The classroom workshop was held in the English class with the accompaniment of the teacher and her mobility committee from preschool to high school students, adapted to each age. We worked with recyclable materials, cardboard and colors. Also, we used videos with the following activities:
a. "We walk": The song “CROSSING THE STREET” was played as context and the students were asked to walk in different ways: like some kind of animal, robot, following the ground lines and then making statue, each time depending on the rhythm that the song marks, with the aim to learn the road markings.
b. "The little train": This activity consisted of making a train between all the students who walked to the rhythm of the song “ROAD SAFETY SONG”. At any time, the first person who was the driver was changed or the train was broken into 2 small trains following the floor markings. Then, in groups, they were asked to locate themselves in their surroundings and observe and quantify the non-compliance of pedestrian regulations and socialize with graphic presentations in English.
c. "The game and mobility": we showed the video "How streets, roads and venues are different". At the end of the video we asked if they had differentiated the different routes. Next, the students got up from their seats and walked around the room, they represented situations where they explained why they should assume their responsibility in maintaining distance from each other. Then, they met in groups and were asked to create posters with rhyming phrases and drawings that were displayed on the walls of the institution to be known by the educational community.
2. The map: this game consisted of arranging a classroom as a route on the street with signs, traffic lights, roundabouts, zebras. To facilitate its implementation, the students by group from preschool to eleventh had to travel the route respecting the signs and rules that the monitors (mobility committee) were suggesting until they reached the place called school where the behavior of each group was evaluated and if they had given the way showing solidarity as a good practice as pedestrian, thereby promoting social skills. This didactic strategy was making use of techniques, means, tools and game dynamics. Points were given to each group according to how they followed the rules of the game and the winning group received a trophy, generating motivation towards learning. The game itself was used as an evaluation method since it provided information about the speed in which the student learns the traffic signs and rules and their ability to apply them, then we evaluated and followed up the strategy with a perception survey.

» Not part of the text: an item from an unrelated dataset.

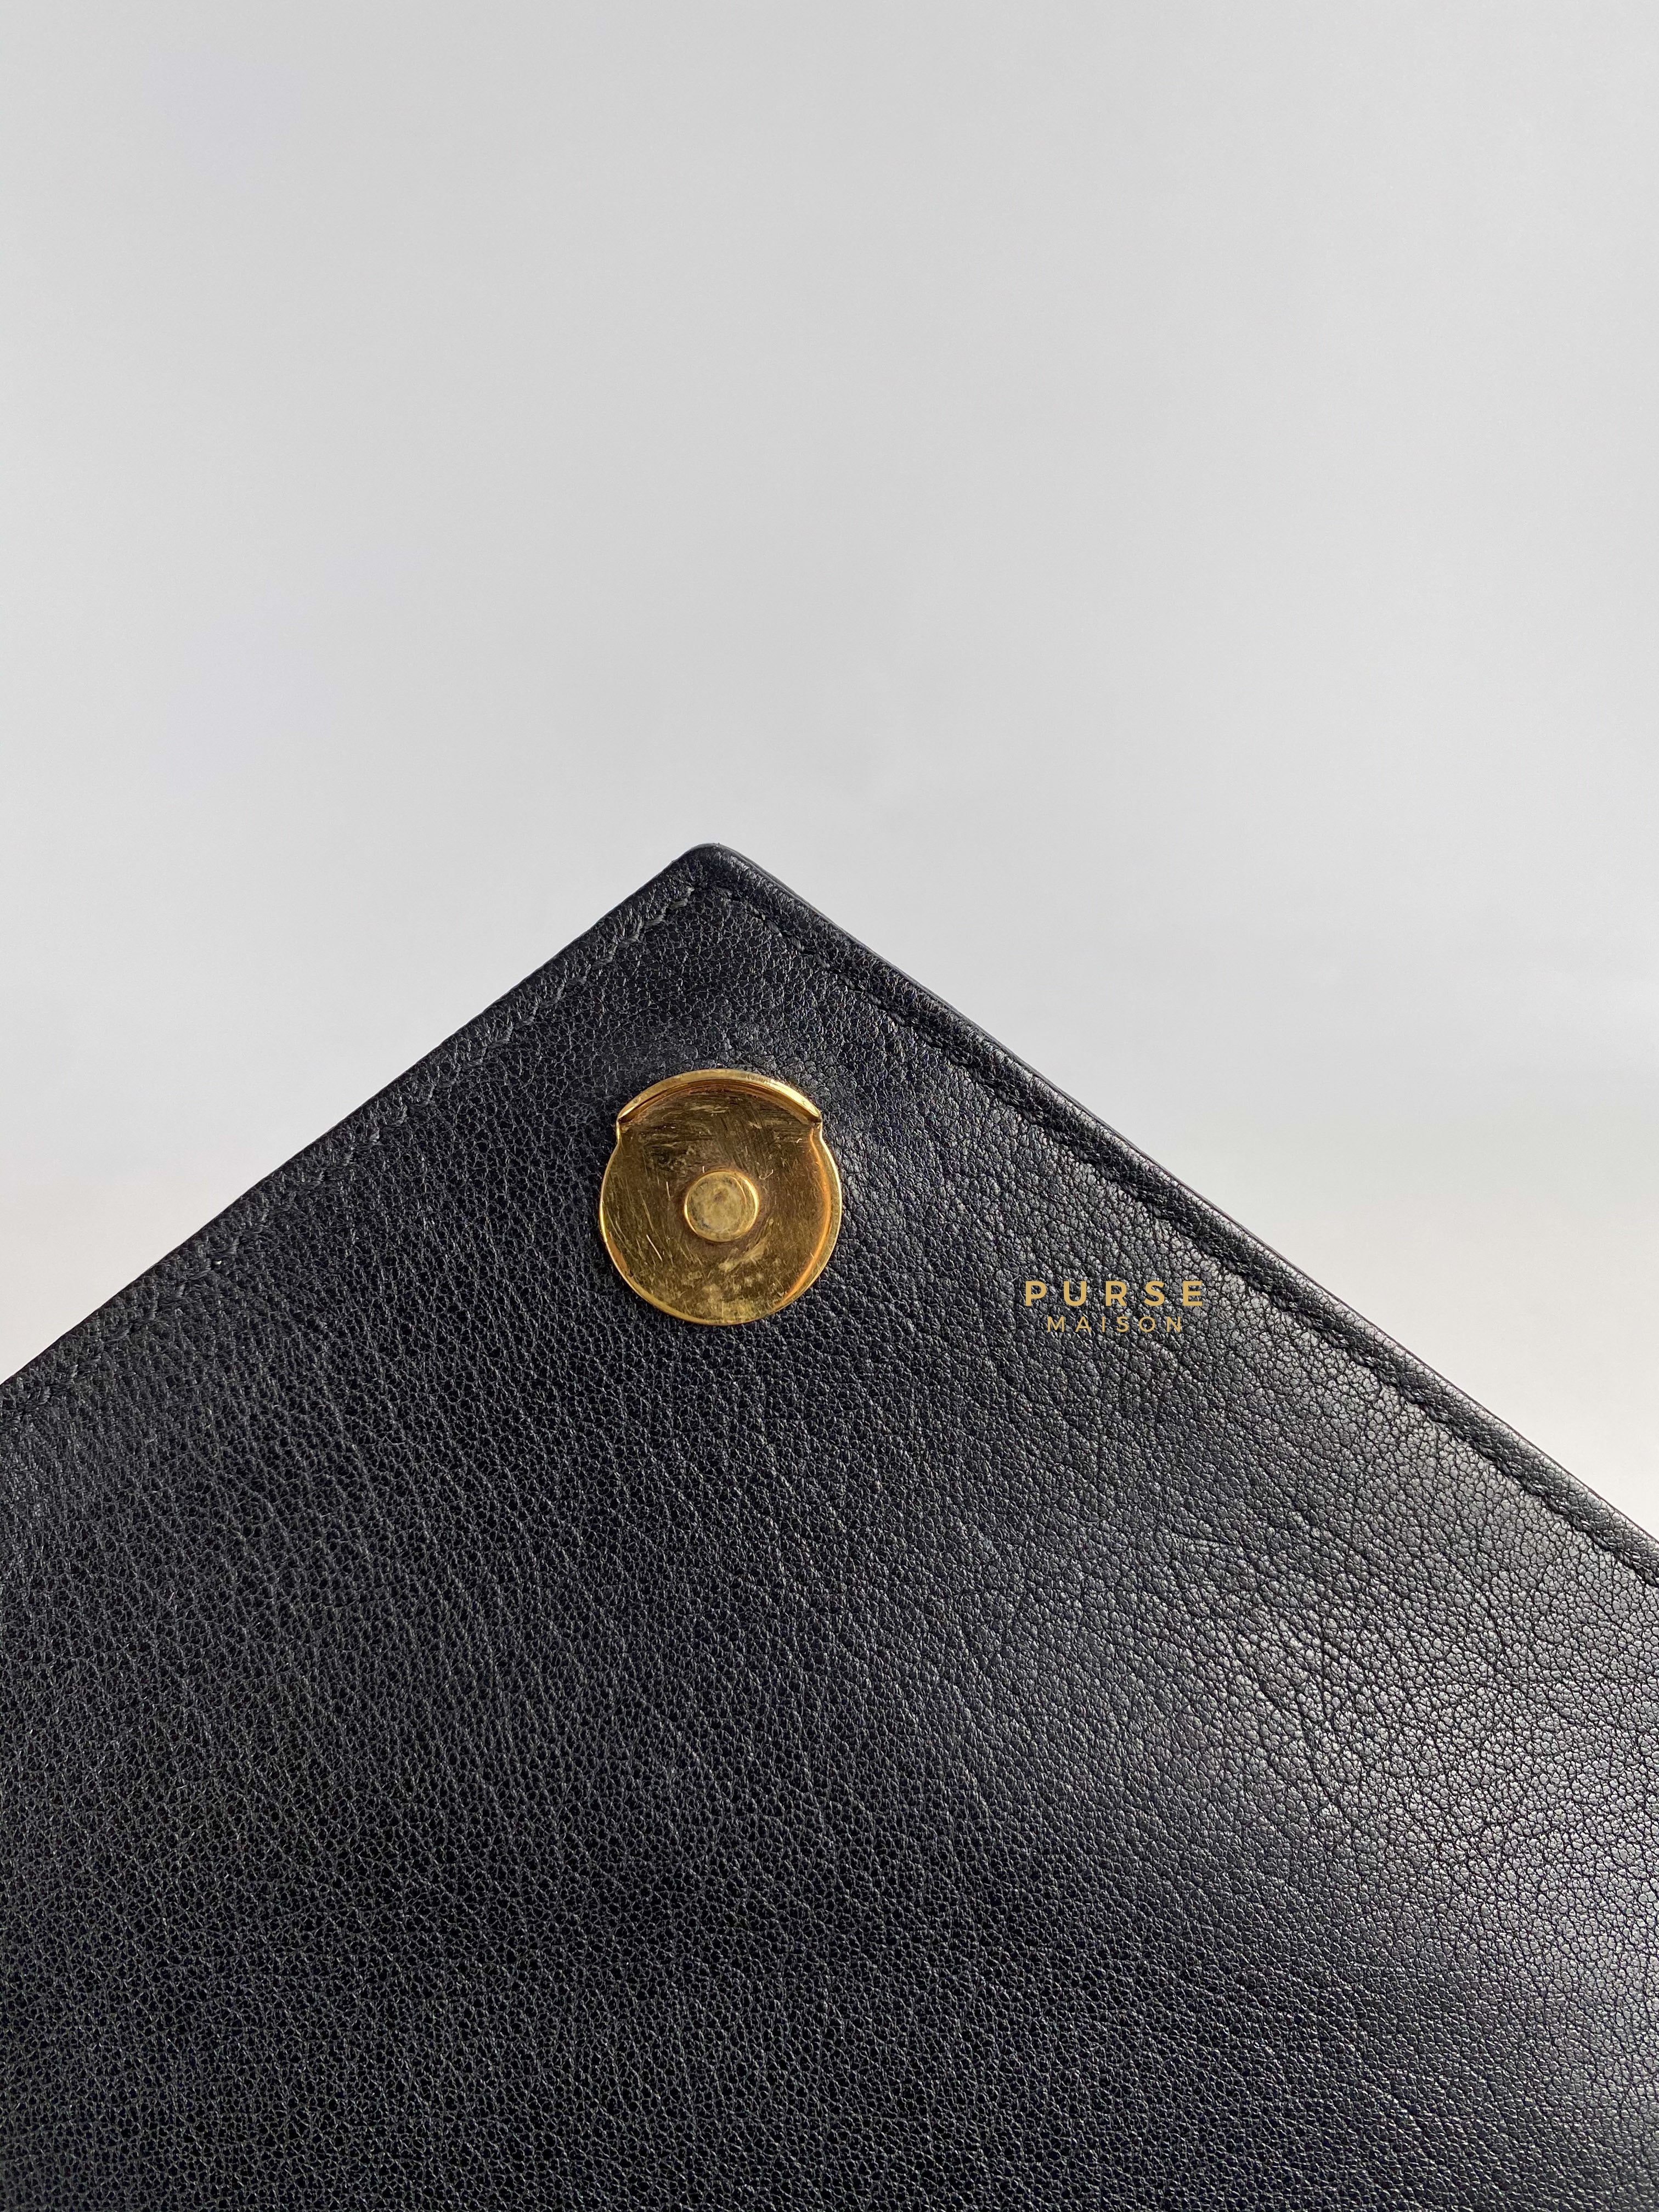 YSL College Medium in Black Sheepskin and Aged Gold Hardware | Purse Maison Luxury Bags Shop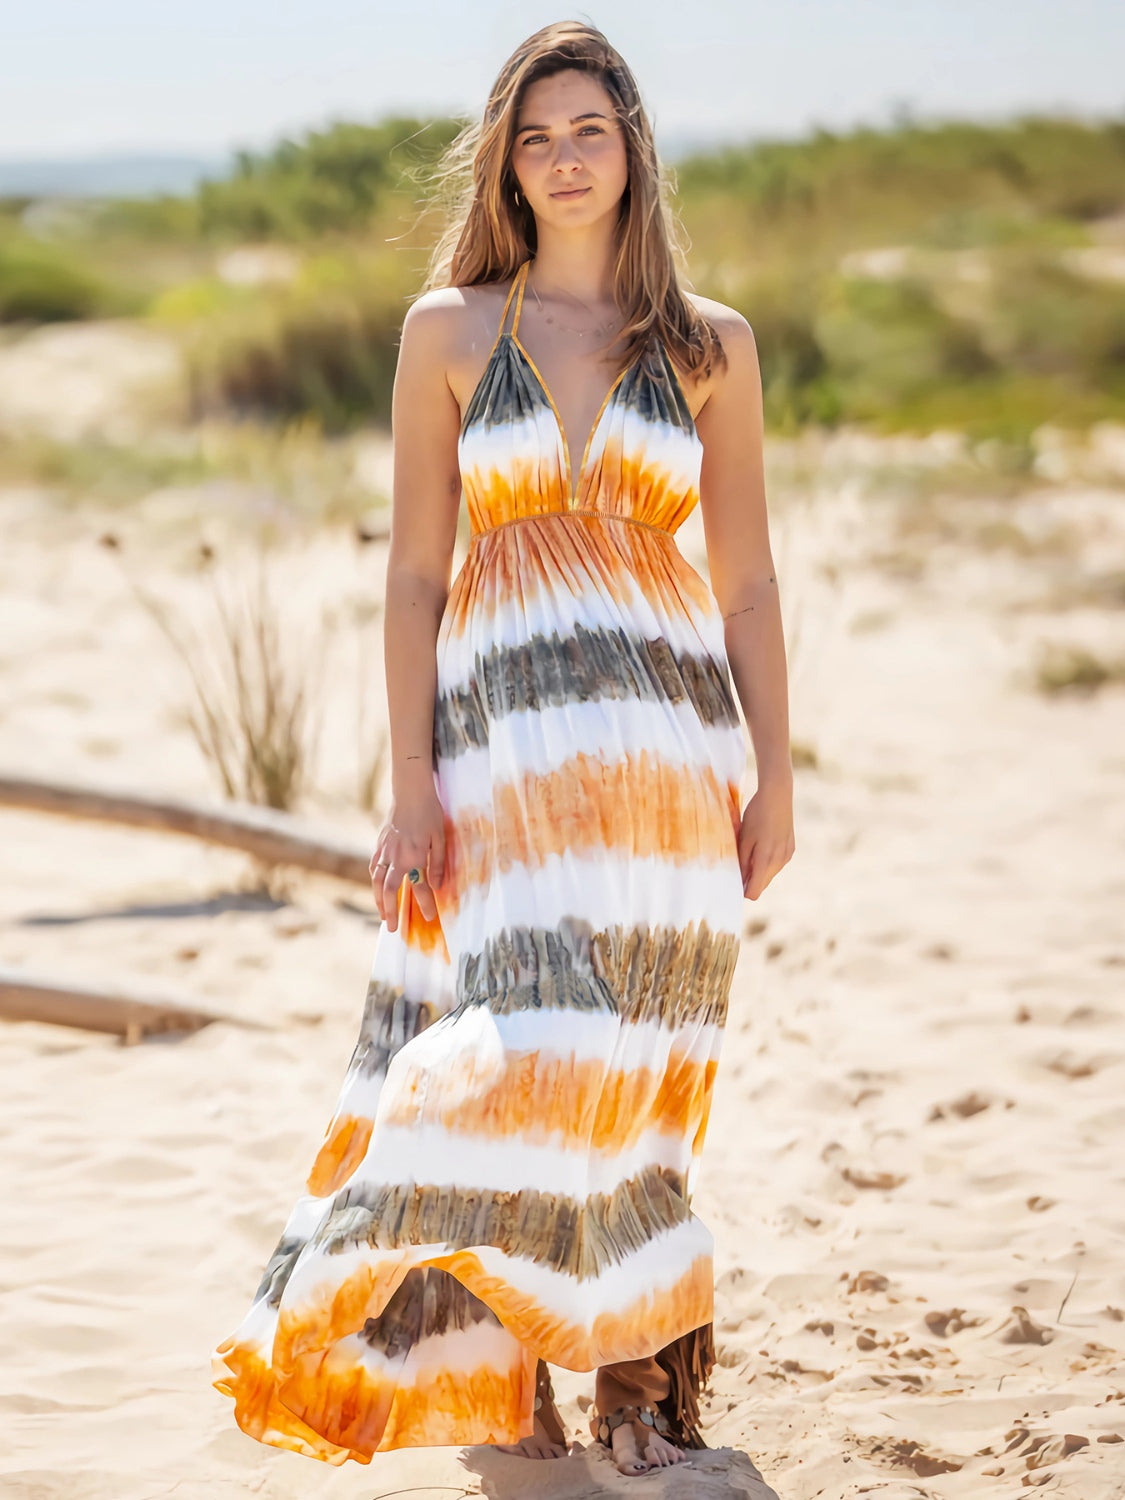 Beach Wedding Guest Attire for Women: Tie-Dye Sleeveless Halter Neck Dress

With the game-based learning we applied to the strategy CEDA EL PASO - GIVE THE WAY, mobility within the school was improved, became safer, with a reduction in incidents and accidents and their consequences. The students have acquired a clear understanding of how mobility works in our school, they have identified the dangers in the different routes, they have learned to recognize and respect the rules of transit, necessary for pedestrians to move smoothly, in a comfortable, agile and safe way.